**Given entries**
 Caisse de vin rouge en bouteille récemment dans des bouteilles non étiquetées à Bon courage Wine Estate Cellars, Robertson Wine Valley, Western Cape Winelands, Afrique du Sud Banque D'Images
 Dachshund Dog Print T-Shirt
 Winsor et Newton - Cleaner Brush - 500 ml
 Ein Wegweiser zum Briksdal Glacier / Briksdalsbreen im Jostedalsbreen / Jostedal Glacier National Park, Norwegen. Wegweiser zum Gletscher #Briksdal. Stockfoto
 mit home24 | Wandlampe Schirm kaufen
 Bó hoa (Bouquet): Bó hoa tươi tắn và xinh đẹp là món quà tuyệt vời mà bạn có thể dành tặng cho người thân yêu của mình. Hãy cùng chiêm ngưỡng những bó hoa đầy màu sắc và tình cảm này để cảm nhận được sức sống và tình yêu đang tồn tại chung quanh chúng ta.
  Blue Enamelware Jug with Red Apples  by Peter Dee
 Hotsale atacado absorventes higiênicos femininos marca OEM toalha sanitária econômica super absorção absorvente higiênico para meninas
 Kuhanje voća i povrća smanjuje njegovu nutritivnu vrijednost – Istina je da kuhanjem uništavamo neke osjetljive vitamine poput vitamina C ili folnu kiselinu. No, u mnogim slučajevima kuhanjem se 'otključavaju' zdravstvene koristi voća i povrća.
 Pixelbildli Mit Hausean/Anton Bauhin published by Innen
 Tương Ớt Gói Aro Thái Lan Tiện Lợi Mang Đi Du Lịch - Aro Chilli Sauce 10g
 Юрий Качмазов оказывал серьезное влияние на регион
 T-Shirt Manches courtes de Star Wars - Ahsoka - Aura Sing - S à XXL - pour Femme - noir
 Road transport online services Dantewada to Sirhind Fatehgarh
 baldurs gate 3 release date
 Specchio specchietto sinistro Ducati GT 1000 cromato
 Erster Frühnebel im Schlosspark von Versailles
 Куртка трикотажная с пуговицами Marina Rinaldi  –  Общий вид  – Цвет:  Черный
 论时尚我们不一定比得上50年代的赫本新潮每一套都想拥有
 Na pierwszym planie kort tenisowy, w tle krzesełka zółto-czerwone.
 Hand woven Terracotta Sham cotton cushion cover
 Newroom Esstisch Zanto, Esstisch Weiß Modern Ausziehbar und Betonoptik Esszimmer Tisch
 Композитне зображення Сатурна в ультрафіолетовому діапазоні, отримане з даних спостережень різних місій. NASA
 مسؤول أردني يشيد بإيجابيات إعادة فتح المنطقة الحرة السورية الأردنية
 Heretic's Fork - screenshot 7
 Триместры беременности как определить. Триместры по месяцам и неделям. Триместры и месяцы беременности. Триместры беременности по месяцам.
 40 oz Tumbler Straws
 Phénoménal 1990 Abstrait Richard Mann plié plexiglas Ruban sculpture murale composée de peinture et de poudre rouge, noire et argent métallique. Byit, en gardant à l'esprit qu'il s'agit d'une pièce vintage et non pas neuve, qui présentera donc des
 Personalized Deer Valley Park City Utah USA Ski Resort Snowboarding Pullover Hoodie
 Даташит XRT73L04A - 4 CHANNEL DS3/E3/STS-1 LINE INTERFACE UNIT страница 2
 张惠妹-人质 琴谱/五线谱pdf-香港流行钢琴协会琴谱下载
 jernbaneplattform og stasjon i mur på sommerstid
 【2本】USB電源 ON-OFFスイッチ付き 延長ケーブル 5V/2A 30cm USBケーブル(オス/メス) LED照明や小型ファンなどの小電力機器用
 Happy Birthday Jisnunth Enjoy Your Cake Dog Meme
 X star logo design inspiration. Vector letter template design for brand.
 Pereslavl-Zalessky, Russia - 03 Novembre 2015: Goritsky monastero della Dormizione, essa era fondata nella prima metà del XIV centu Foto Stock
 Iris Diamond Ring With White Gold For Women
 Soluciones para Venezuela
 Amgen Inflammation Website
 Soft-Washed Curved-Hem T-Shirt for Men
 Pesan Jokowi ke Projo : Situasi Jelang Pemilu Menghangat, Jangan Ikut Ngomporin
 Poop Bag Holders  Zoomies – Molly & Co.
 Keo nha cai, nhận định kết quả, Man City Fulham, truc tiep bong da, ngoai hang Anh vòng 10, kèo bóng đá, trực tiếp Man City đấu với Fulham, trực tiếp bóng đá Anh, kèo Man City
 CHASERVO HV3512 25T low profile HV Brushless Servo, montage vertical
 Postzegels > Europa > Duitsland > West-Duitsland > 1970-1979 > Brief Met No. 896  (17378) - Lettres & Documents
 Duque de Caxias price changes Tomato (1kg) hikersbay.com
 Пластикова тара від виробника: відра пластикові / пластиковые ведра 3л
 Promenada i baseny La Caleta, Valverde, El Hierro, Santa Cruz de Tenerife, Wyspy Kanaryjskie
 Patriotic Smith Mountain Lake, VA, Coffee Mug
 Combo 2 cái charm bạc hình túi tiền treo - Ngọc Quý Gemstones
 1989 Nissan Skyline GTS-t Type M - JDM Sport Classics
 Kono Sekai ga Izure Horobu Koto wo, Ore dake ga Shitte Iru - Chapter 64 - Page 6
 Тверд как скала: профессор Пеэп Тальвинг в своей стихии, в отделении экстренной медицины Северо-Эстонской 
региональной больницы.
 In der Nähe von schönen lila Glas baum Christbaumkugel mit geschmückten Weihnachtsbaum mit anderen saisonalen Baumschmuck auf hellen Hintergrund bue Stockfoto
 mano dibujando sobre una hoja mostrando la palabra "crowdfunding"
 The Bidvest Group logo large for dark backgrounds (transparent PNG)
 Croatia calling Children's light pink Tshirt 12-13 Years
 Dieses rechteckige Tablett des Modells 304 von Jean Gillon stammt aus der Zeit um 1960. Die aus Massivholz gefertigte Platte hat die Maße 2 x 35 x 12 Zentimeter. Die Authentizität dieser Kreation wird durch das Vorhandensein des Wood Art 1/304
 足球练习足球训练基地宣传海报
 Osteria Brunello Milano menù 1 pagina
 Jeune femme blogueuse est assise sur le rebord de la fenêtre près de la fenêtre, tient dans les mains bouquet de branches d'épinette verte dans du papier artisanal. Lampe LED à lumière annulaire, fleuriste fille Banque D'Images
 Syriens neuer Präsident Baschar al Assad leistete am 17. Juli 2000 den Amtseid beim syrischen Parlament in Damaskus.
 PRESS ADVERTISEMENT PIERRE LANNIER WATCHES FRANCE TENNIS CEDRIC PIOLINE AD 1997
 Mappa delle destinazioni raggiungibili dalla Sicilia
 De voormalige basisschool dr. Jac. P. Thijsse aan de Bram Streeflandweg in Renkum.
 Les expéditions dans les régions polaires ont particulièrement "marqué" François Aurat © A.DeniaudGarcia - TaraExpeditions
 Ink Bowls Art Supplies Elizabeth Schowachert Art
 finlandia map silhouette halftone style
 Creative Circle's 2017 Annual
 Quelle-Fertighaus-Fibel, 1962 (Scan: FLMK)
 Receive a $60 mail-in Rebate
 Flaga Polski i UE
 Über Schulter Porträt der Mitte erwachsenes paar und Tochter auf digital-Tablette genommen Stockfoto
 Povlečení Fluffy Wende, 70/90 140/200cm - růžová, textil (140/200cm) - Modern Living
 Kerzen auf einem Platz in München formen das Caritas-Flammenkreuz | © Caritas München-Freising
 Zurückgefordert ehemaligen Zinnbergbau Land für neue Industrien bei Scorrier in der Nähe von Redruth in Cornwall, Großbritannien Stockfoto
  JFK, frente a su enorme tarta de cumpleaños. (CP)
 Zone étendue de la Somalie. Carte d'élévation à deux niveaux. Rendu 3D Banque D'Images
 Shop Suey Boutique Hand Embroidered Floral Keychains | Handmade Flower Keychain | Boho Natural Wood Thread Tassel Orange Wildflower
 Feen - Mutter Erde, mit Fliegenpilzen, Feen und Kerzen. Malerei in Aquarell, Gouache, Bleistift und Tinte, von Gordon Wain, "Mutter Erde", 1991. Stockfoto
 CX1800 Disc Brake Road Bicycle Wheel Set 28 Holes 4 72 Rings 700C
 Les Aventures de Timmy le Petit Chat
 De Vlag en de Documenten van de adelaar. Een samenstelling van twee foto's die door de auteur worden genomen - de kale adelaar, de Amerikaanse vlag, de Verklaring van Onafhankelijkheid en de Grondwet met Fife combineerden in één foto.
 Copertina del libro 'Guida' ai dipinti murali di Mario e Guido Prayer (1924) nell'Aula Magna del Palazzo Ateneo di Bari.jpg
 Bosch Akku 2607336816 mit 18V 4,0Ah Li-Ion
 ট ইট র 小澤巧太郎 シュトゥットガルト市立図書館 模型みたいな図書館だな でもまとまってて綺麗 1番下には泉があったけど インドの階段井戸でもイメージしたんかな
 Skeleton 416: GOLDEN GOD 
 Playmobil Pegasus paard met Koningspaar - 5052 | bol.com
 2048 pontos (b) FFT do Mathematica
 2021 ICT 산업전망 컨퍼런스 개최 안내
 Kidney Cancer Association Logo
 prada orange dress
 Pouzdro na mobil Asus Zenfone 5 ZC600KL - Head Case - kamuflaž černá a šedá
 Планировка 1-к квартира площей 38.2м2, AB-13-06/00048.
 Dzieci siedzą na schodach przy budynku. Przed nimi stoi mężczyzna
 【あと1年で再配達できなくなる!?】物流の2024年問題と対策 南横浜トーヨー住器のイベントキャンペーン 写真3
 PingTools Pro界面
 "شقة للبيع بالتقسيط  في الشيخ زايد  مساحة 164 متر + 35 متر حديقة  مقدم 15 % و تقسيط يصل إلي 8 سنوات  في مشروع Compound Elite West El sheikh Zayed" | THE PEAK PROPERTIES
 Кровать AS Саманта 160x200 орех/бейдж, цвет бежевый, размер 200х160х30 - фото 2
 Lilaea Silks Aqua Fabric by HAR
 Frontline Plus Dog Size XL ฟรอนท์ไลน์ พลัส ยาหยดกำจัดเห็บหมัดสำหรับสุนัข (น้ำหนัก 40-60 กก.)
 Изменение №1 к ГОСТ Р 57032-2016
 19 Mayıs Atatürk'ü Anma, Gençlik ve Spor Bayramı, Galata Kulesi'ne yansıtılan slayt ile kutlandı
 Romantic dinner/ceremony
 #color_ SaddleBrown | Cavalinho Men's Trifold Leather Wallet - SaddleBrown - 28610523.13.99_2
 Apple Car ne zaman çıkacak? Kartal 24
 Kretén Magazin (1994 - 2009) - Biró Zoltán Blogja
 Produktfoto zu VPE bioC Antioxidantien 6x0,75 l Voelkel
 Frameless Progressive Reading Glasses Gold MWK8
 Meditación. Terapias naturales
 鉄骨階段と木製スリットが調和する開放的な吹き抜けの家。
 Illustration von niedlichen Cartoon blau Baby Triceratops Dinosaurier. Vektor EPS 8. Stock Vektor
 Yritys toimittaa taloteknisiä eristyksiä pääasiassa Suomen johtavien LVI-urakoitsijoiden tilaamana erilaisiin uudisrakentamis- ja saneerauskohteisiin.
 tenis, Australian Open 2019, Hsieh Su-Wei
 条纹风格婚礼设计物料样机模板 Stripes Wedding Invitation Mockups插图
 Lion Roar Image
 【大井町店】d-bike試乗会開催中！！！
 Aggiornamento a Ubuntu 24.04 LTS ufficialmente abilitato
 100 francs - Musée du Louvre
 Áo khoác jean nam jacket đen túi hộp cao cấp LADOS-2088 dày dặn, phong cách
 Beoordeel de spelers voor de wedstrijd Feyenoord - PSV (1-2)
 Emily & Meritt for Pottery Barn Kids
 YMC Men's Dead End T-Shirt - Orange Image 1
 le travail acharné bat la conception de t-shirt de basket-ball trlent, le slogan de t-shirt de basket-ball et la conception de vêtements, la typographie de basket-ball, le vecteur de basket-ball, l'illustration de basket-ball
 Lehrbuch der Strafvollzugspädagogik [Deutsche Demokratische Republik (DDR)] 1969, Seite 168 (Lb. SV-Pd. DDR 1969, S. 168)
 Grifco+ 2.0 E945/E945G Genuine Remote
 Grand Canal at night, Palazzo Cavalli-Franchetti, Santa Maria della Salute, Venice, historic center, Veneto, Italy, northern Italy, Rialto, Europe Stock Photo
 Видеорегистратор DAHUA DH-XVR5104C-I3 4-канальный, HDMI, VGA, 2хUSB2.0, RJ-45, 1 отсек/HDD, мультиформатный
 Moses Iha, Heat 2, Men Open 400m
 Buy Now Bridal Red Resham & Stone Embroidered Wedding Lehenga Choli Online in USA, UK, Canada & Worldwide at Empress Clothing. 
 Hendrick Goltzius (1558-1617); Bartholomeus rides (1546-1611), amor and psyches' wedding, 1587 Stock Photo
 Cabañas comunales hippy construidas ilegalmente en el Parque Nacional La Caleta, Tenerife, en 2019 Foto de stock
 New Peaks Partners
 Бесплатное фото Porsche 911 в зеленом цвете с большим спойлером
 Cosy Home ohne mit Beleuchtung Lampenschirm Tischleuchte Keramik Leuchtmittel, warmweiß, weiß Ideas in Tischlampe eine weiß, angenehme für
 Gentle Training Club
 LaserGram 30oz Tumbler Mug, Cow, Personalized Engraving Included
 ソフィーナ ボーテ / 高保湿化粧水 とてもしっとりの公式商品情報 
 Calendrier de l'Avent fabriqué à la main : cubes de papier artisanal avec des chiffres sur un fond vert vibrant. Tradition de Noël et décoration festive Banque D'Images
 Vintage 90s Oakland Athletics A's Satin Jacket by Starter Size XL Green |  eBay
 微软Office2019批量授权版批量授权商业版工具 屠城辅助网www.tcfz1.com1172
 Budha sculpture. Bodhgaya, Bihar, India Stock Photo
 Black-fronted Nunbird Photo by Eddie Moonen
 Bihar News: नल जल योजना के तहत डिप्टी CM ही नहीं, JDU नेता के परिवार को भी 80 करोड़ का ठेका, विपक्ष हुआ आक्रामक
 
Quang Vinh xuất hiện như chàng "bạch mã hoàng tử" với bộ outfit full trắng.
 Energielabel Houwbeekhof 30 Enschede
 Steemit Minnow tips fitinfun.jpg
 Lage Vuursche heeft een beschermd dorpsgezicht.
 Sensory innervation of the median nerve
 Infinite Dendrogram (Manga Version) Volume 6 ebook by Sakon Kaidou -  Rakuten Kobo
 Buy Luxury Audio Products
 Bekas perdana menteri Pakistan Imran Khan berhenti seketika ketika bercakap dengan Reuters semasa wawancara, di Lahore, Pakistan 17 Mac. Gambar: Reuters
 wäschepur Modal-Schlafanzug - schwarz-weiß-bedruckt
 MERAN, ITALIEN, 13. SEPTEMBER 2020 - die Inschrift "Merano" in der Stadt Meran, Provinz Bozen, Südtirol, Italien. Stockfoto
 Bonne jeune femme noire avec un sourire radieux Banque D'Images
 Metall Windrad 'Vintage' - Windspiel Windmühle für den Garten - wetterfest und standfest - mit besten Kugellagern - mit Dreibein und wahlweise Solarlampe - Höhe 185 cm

**Activity**
Reproducing the whole listing above is not the task. Copy exactly only the lines from the one with "Изменение №1 к ГОСТ Р 57032-2016" to the one with "YMC Men's Dead End T-Shirt - Orange Image 1", both kept.

**Solution to this task**
 Изменение №1 к ГОСТ Р 57032-2016
 19 Mayıs Atatürk'ü Anma, Gençlik ve Spor Bayramı, Galata Kulesi'ne yansıtılan slayt ile kutlandı
 Romantic dinner/ceremony
 #color_ SaddleBrown | Cavalinho Men's Trifold Leather Wallet - SaddleBrown - 28610523.13.99_2
 Apple Car ne zaman çıkacak? Kartal 24
 Kretén Magazin (1994 - 2009) - Biró Zoltán Blogja
 Produktfoto zu VPE bioC Antioxidantien 6x0,75 l Voelkel
 Frameless Progressive Reading Glasses Gold MWK8
 Meditación. Terapias naturales
 鉄骨階段と木製スリットが調和する開放的な吹き抜けの家。
 Illustration von niedlichen Cartoon blau Baby Triceratops Dinosaurier. Vektor EPS 8. Stock Vektor
 Yritys toimittaa taloteknisiä eristyksiä pääasiassa Suomen johtavien LVI-urakoitsijoiden tilaamana erilaisiin uudisrakentamis- ja saneerauskohteisiin.
 tenis, Australian Open 2019, Hsieh Su-Wei
 条纹风格婚礼设计物料样机模板 Stripes Wedding Invitation Mockups插图
 Lion Roar Image
 【大井町店】d-bike試乗会開催中！！！
 Aggiornamento a Ubuntu 24.04 LTS ufficialmente abilitato
 100 francs - Musée du Louvre
 Áo khoác jean nam jacket đen túi hộp cao cấp LADOS-2088 dày dặn, phong cách
 Beoordeel de spelers voor de wedstrijd Feyenoord - PSV (1-2)
 Emily & Meritt for Pottery Barn Kids
 YMC Men's Dead End T-Shirt - Orange Image 1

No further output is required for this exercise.